The primary way these two plans differ is in how they administer care and the degree to which members have freedom in terms of from whom they decide to obtain care. Under the varying plans, out-of-pocket costs can also differ, as can preventive care coverage and network size.

Health Maintenance Organizations, or HMOs, offer many advantages to their members. HMOs do not require members to pay sizable out-of-pocket expenses for such items as: co-pays and deductibles, and they usually provide significant coverage for preventive care. However, in order to enjoy the low costs and comprehensive coverage provided by an HMO, members are locked-in to the idea that they may only obtain care from in-service network providers. In most cases, care is administered by a Primary Care Physician who coordinates the member’s care and provides referrals to in-service network specialists, as needed.
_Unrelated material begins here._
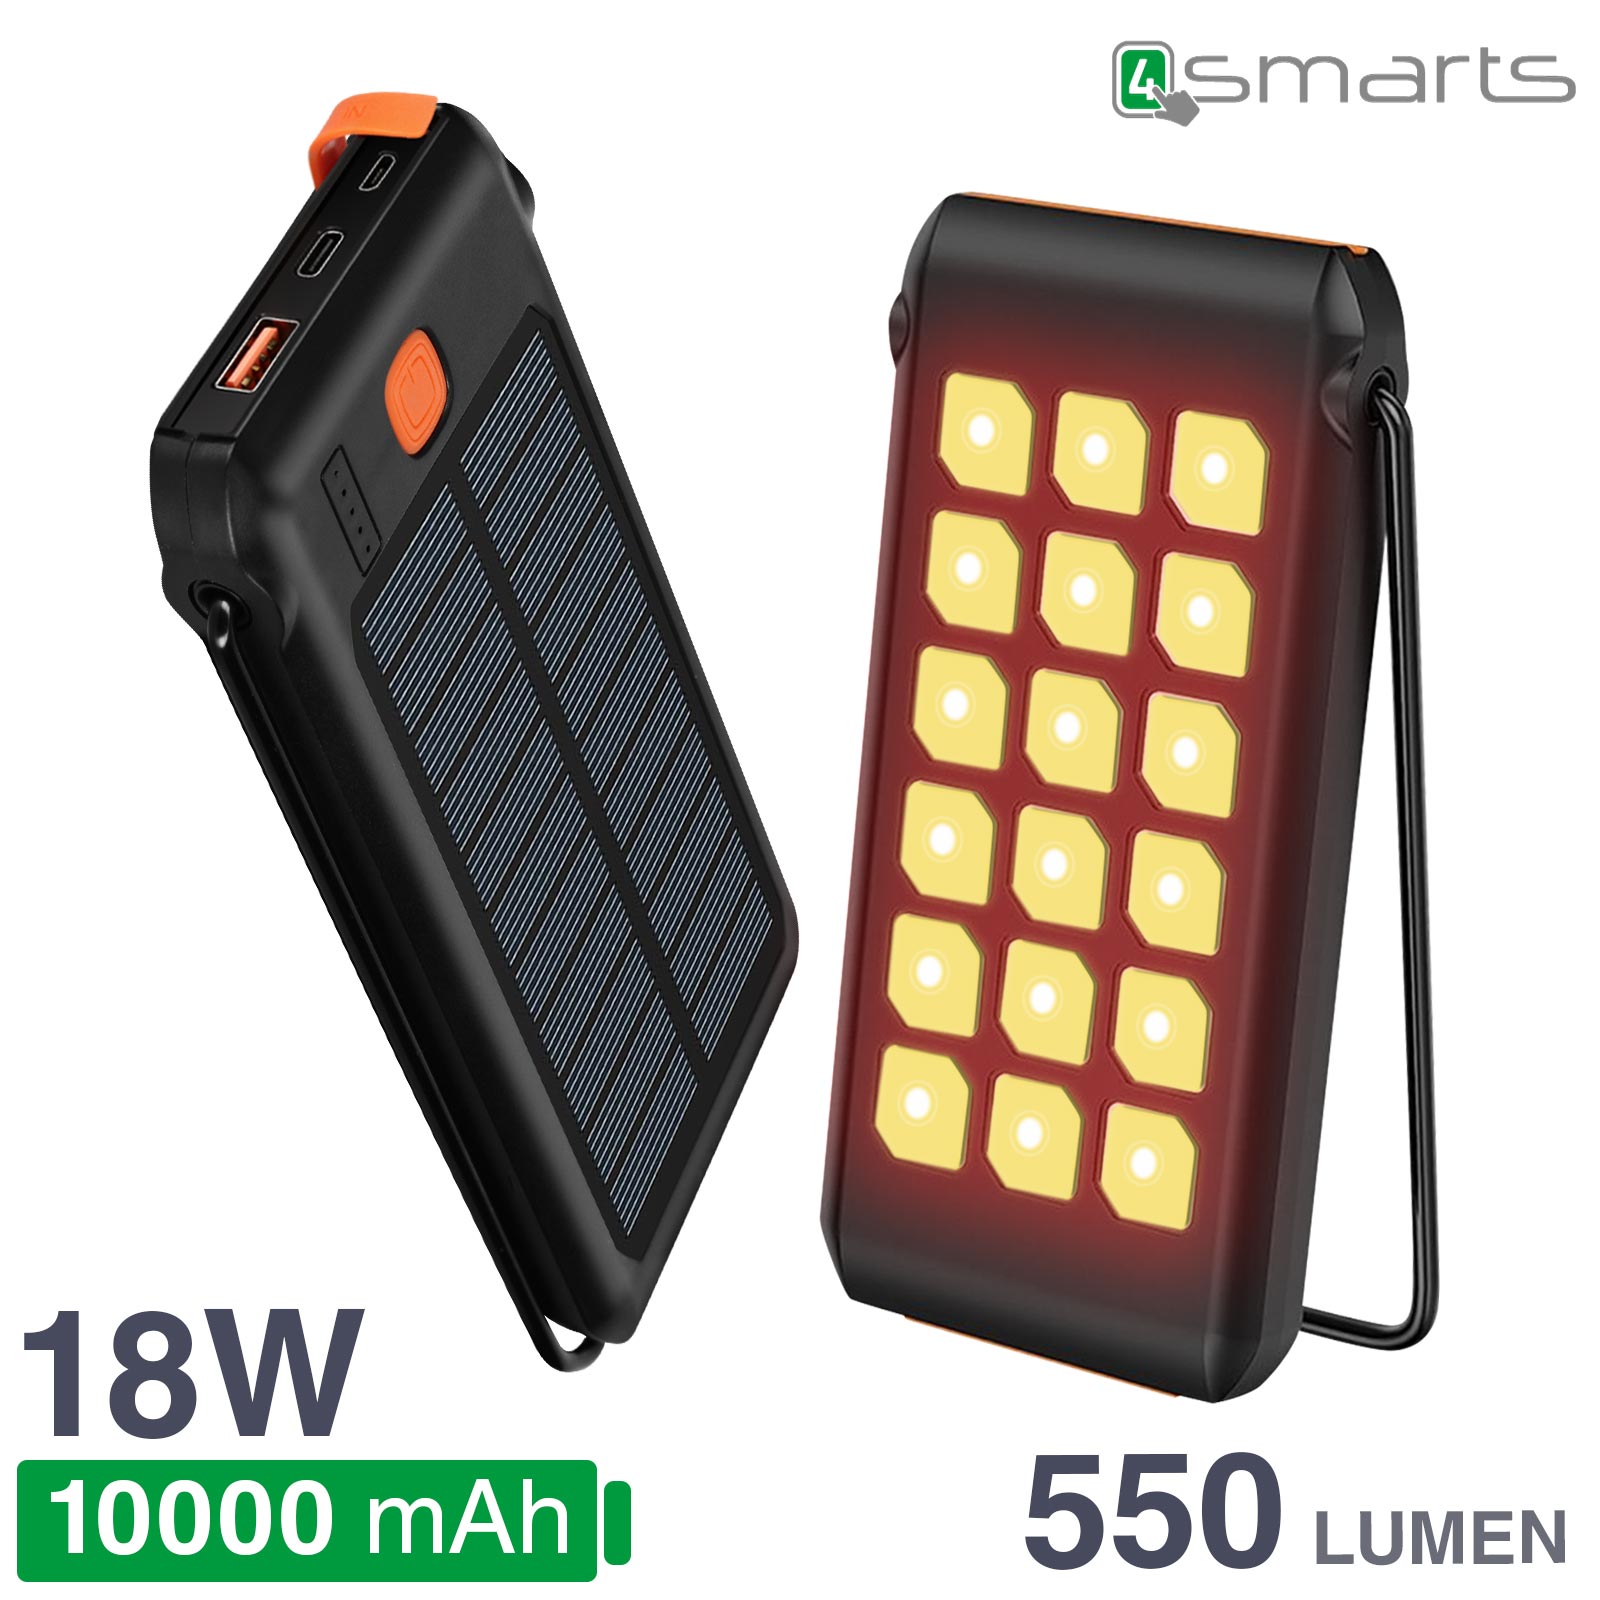 Powerbank Solare 10000 mAh, Fast Charge 3.0 18W, Doppia Uscita USB / USB-C  - 4smarts TitanPack Flex - Italiano

Preferred Provider Organizations, or PPOs, offer more varied choices – Whereas, PPO networks tend to be large, members typically are free to obtain care from any member provider without having to first obtain a referral. However, as with HMOs, if PPO members receive care from an out-of-service network provider, they will have to assume responsibility for a larger portion of the cost. PPOs also normally have higher out-of-pockets costs, e.g., deductibles and co-pays in contrast with HMOs.